A Psychophysical Comparison of Sensory and Affective Responses to Four Modalities of Experimental Pain

Abstract
It is generally accepted that the sensory and affective components of pain may be differentially associated with various acute and chronic diseases, and that some treatment regimens are best directed toward certain aspects of the pain experience. In addition, experimental animal models have been described that presume to assess either the sensory-discriminative aspects of phasic pain or the affective responses associated with tonic pain. The present psychophysical experiment directly compares the perceived intensity and unpleasantness of sensations evoked by four types of experimental noxious stimuli: contact heat, electric shock, ischemic exercise, and cold-pressor pain.
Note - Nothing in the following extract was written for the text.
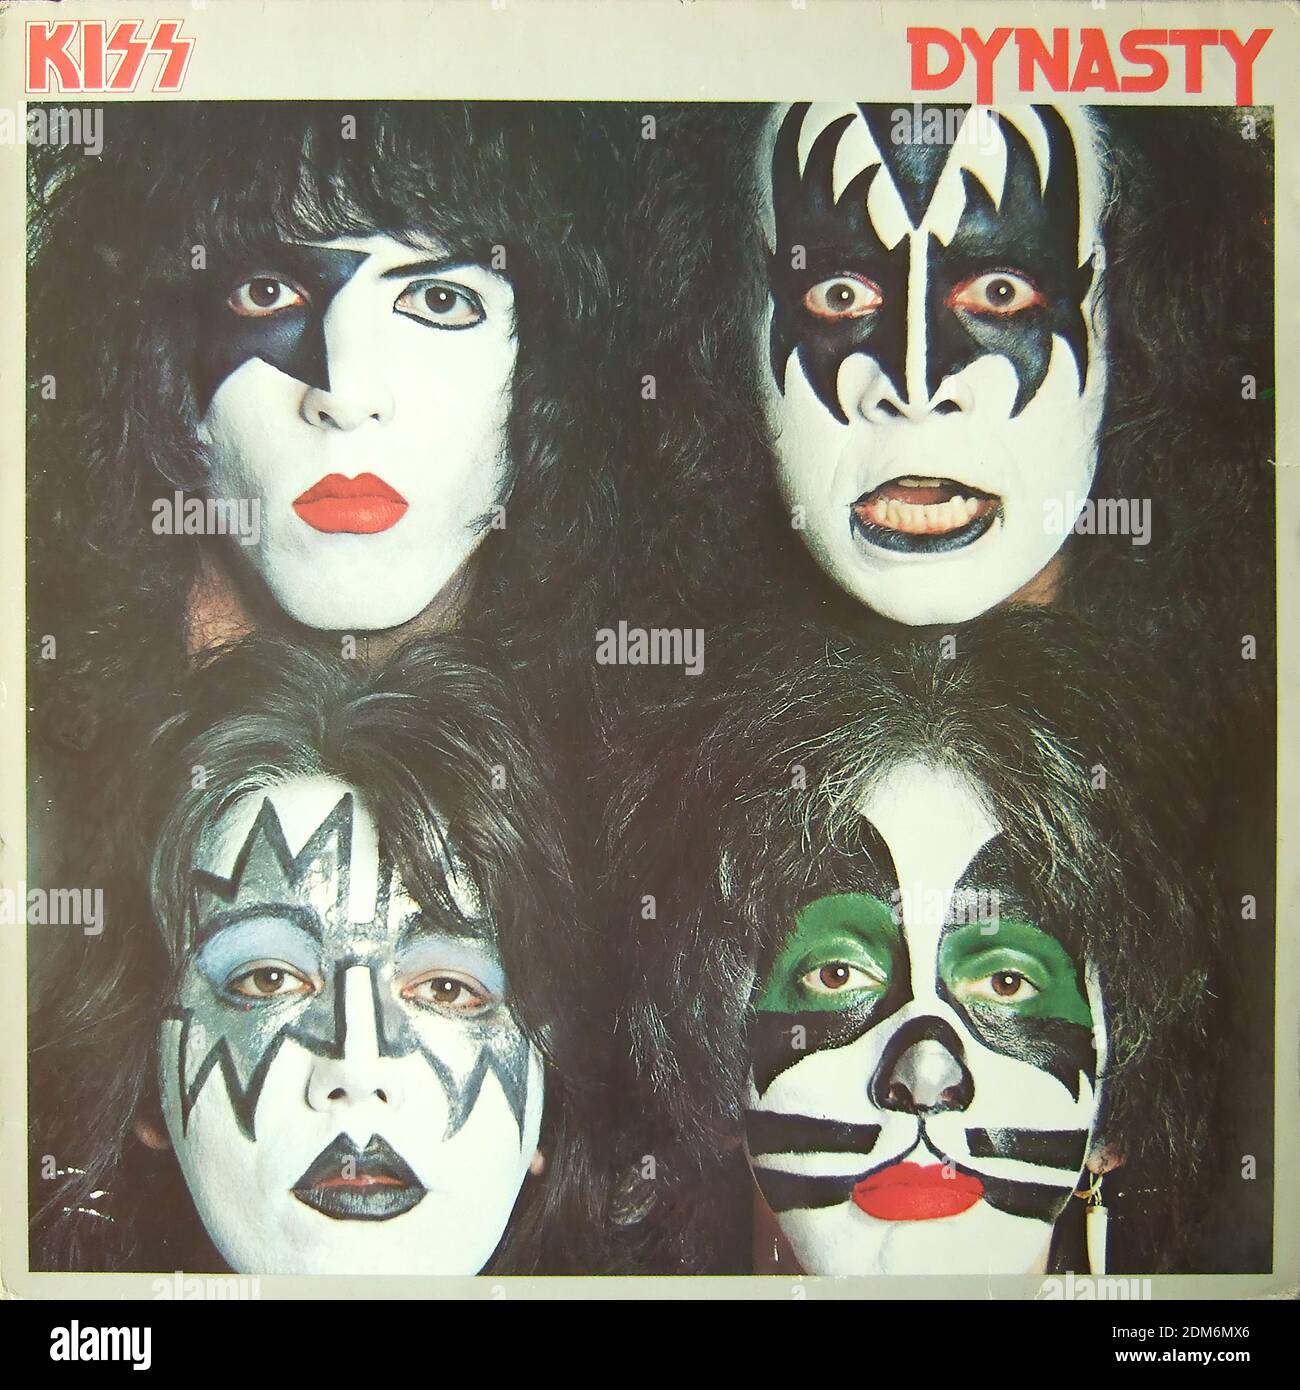 Kiss - Dynasty - copertina di album in vinile d'epoca Foto stock - Alamy
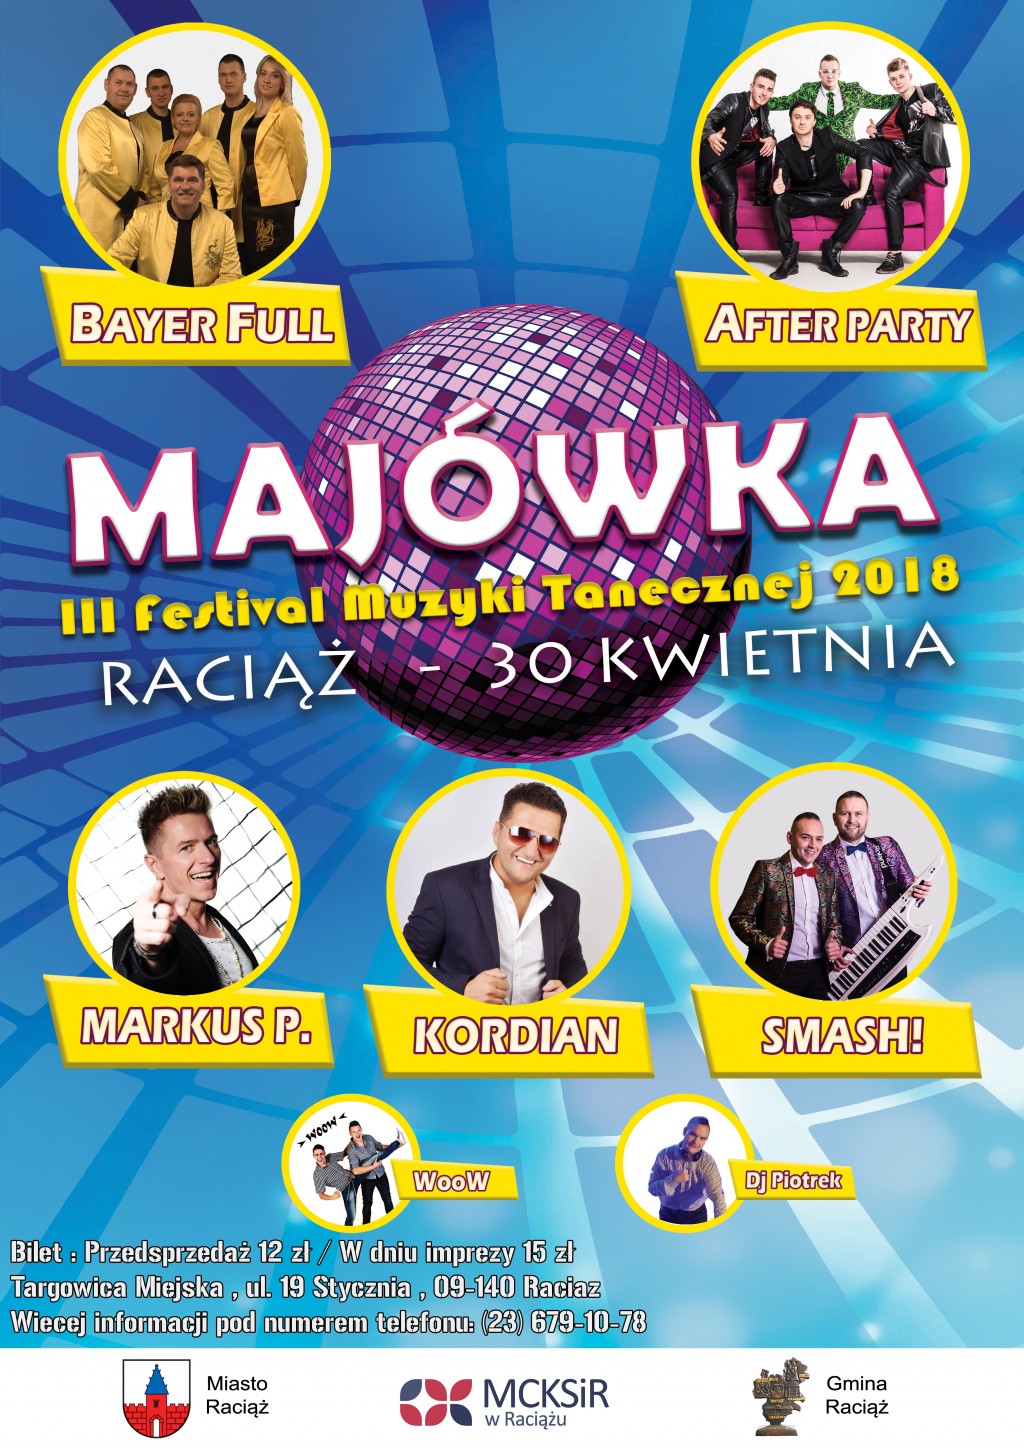 Majówka III Festiwal Muzyki Tanecznej - Raciąż 30.04.2018r.

A novel pain measurement technique is described that incorporates unbounded magnitude-estimation/category scales; this technique allows precise ratio responses, while minimizing within- and between- subject variability. We observe that, relative to the perceived intensity of the individual stimuli, subjects consistently differentiate among the degrees of unpleasantness evoked by the four stimulus modalities. Ischemic exercise and cold-pressor pain evoke higher estimates of unpleasantness, and thus may better mimic the pain of chronic disease. The relative unpleasantness produced by contact heat is significantly less than that of the other modalities tested, and therefore contact heat stimuli may be ideally suited for assessing sensory-discriminative aspects of pain perception. Possible neurophysiological mechanisms underlying the observed differences in perceived unpleasantness are discussed in relation to the growing body of literature concerning tonic and phasic pain stimuli.